理解 TensorFlow 之 word2vec

悠悠 2022-06-10 11:07 320阅读 0赞

自然语言处理(英语:Natural Language Processing,简称NLP)是人工智能和语言学领域的分支学科。自然语言生成系统把计算机数据转化为自然语言。自然语言理解系统把自然语言转化为计算机程序更易于处理的形式。

一般,计算机要处理文本,需要先把文本向量化,即把文本映射到向量空间模型中,再应用深度学习方法来训练。
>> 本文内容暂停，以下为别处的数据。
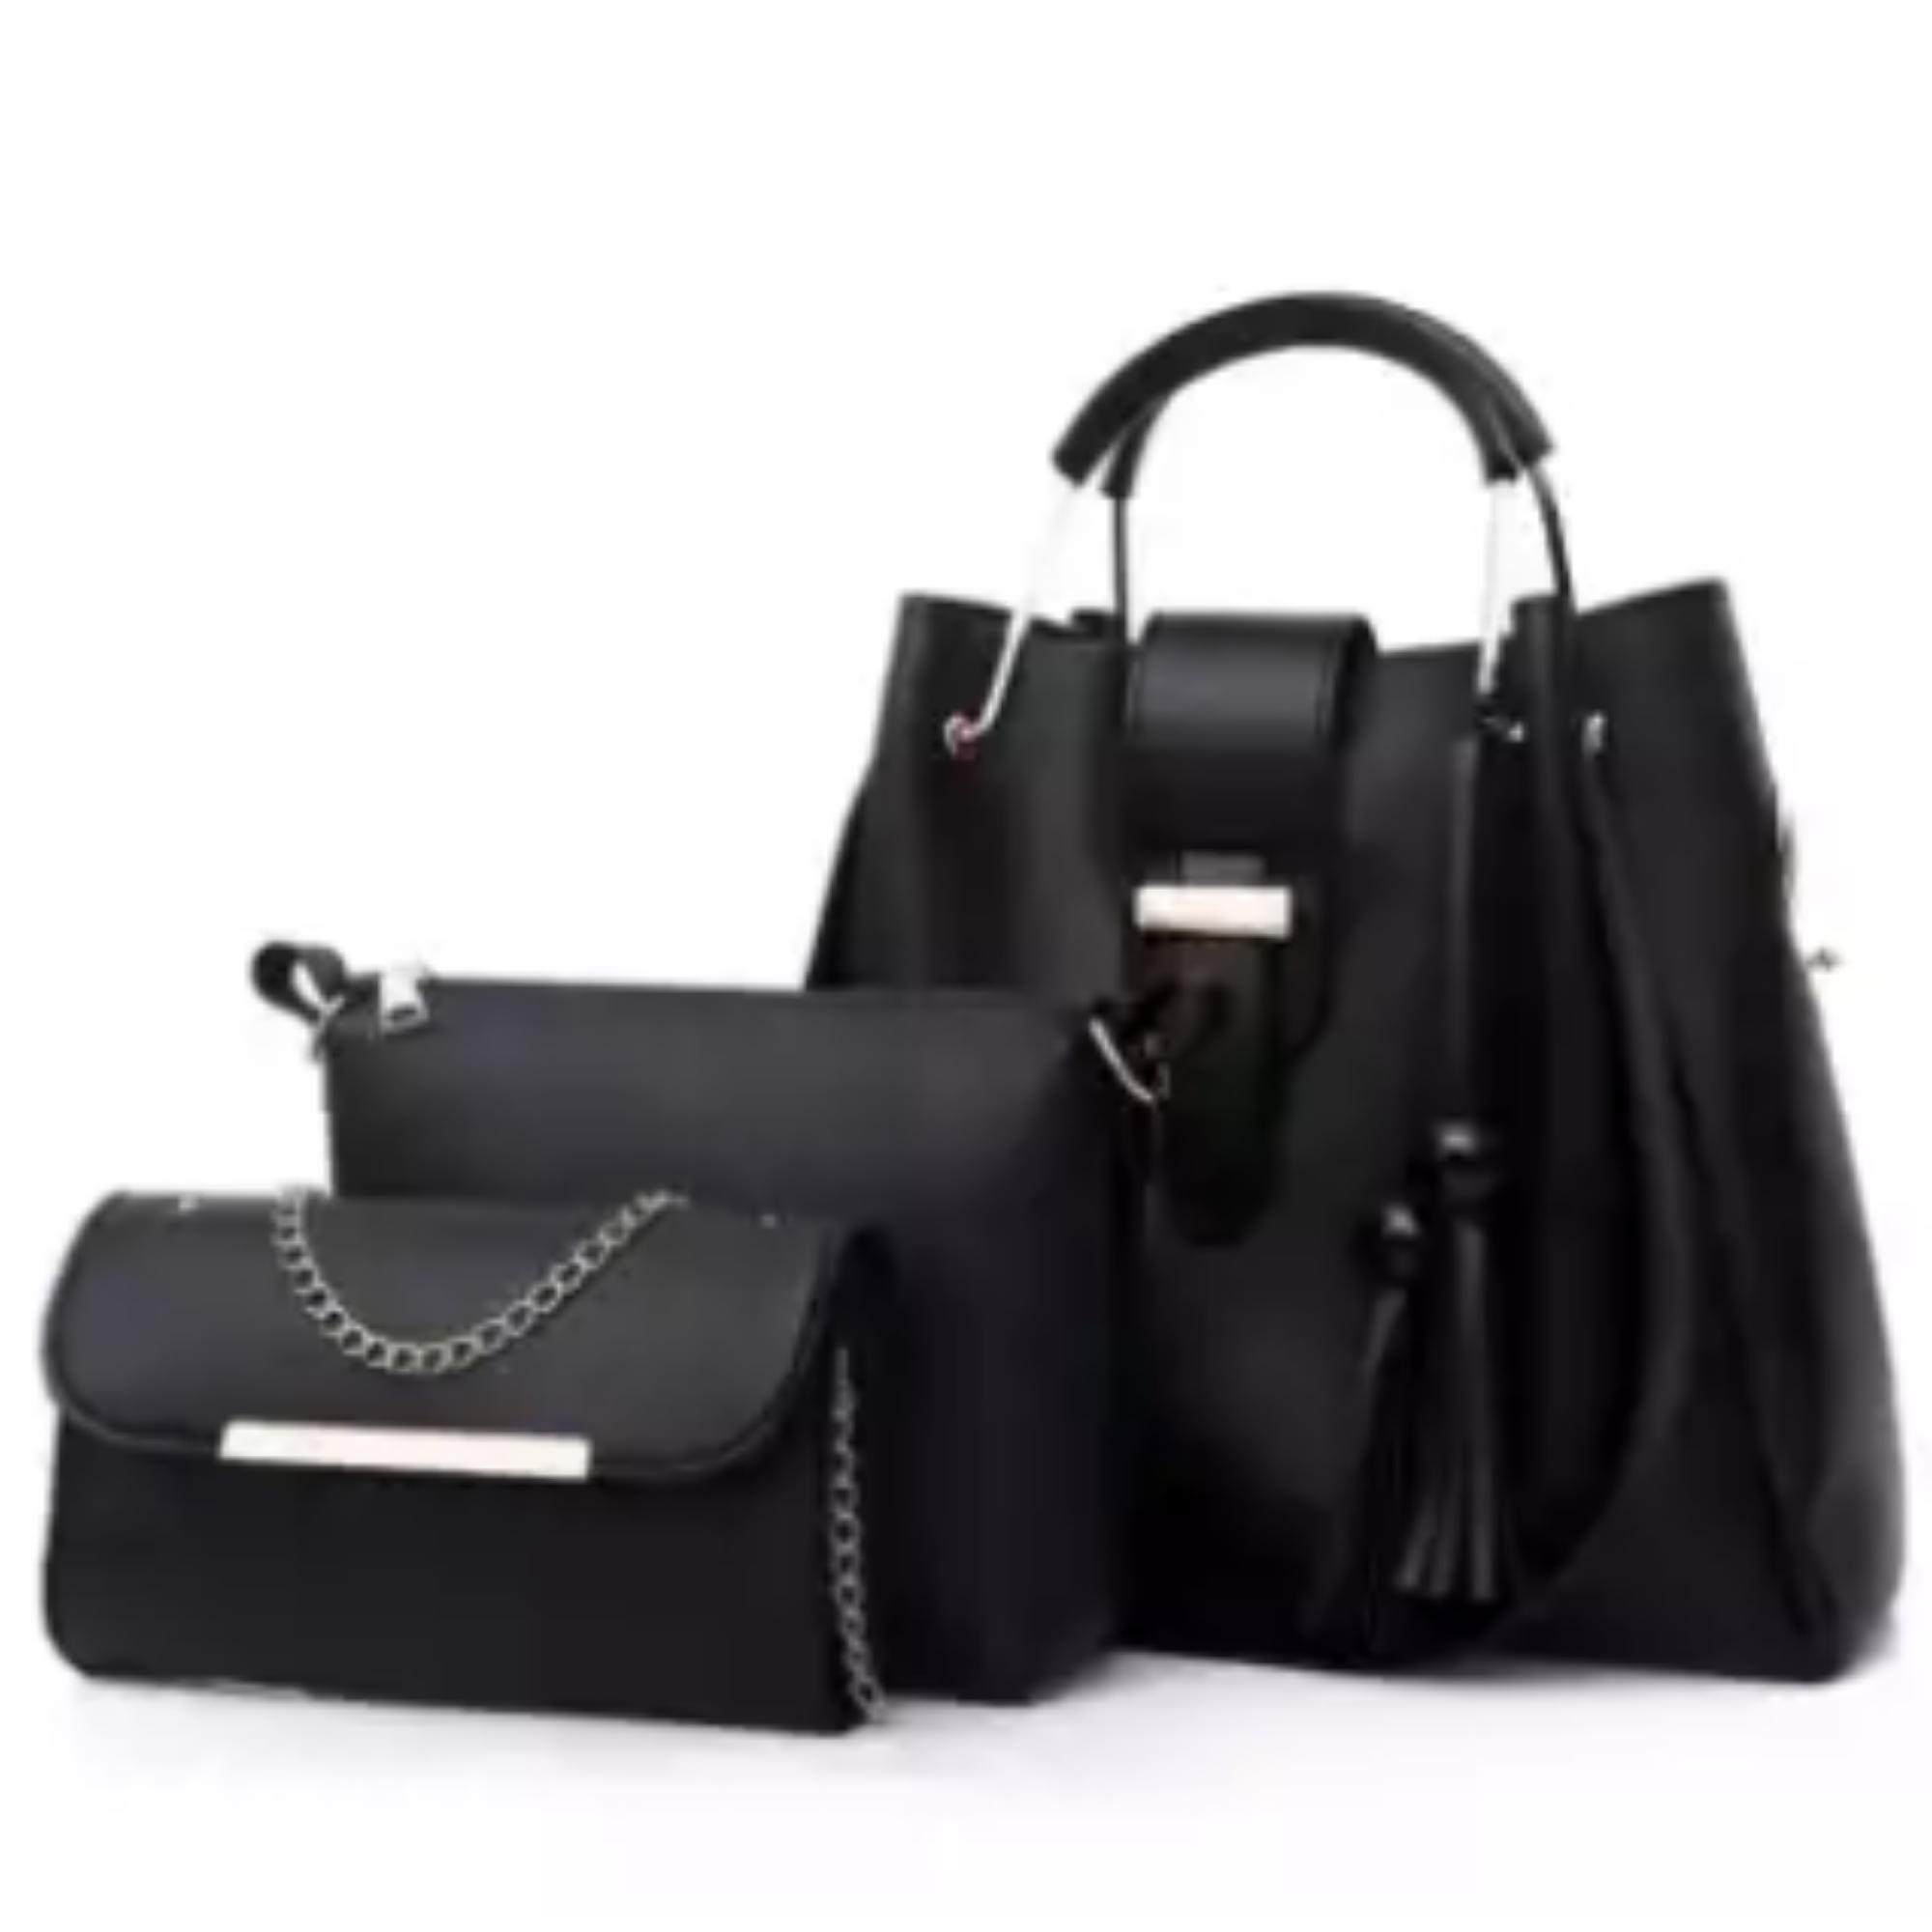 3Pcs PU Leather Ladies Hand Bags Set Handbags for Women Fashionable New Style Tote Bags Shoulder Bag Top Handle Satchel Purse Set 3pcs

Word2vec 是一种可以进行高效率词嵌套学习的预测模型。其两种变体分别为:连续词袋模型(CBOW)及Skip-Gram模型


回想一下多层感知器训练 mnist 数据集的例子

TensorFlow MNIST机器学习入门

这里写图片描述

每个输入的图片数据是一个 784 维的向量

对于softmax回归模型可以用下面的图解释,对于输入的xs加权求和,再分别加上一个偏置量,最后再输入到softmax函数中:

这里写图片描述

如果把它写成一个等式,我们可以得到:

这里写图片描述

下面的图片显示了一个模型学习到的图片上每个像素对于特定数字类的权值。红色代表负数权值,蓝色代表正数权值。
(Hidden 层的所有权重 W 可排列成一个举证,则第 0 行的参数与数字为 0 的图运算后的概率会大于其他数字,想象成第 0 行的参数代表了 数字为 0 的图片)

这里写图片描述


Skip-gram 模型

三篇不错的译文
一文详解 Word2vec 之 Skip-Gram 模型(结构篇)
一文详解 Word2vec 之 Skip-Gram 模型(训练篇)
一文详解 Word2vec 之 Skip-Gram 模型(实现篇)

对于用词嵌入表示的文本向量,把一个词向量想象成一个图片,可得到相同的效果,只不过是向量的维度变大了

我们如何来表示这些单词呢?首先,我们都知道神经网络只能接受数值输入,我们不可能把一个单词字符串作为输入,因此我们得想个办法来表示这些单词。最常用的办法就是基于训练文档来构建我们自己的词汇表(vocabulary)再对单词进行one-hot编码

请参考:一文详解 Word2vec 之 Skip-Gram 模型(结构篇)

Word2Vec模型中,主要有Skip-Gram和CBOW两种模型,从直观上理解,Skip-Gram是给定input word来预测上下文。而CBOW是给定上下文,来预测input word

这里写图片描述

假如我们有一个句子“The dog barked at the mailman”,例如我们选取“dog”作为input word;

我们再定义一个叫做 skip_window 的参数,它代表着我们从当前 input word 的一侧(左边或右边)选取词的数量,如果我们设置skip_window=2,那么我们最终获得窗口中的词(包括input word在内)就是[‘The’, ‘dog’,’barked’, ‘at’],所以整个窗口大小span=2x2=4

另一个参数叫 num_skips,它代表着我们从整个窗口中选取多少个不同的词作为我们的 output word,当skip_window=2,num_skips=2时,我们将会得到两组 (input word, output word) 形式的训练数据,即 (‘dog’, ‘barked’),(‘dog’, ‘the’)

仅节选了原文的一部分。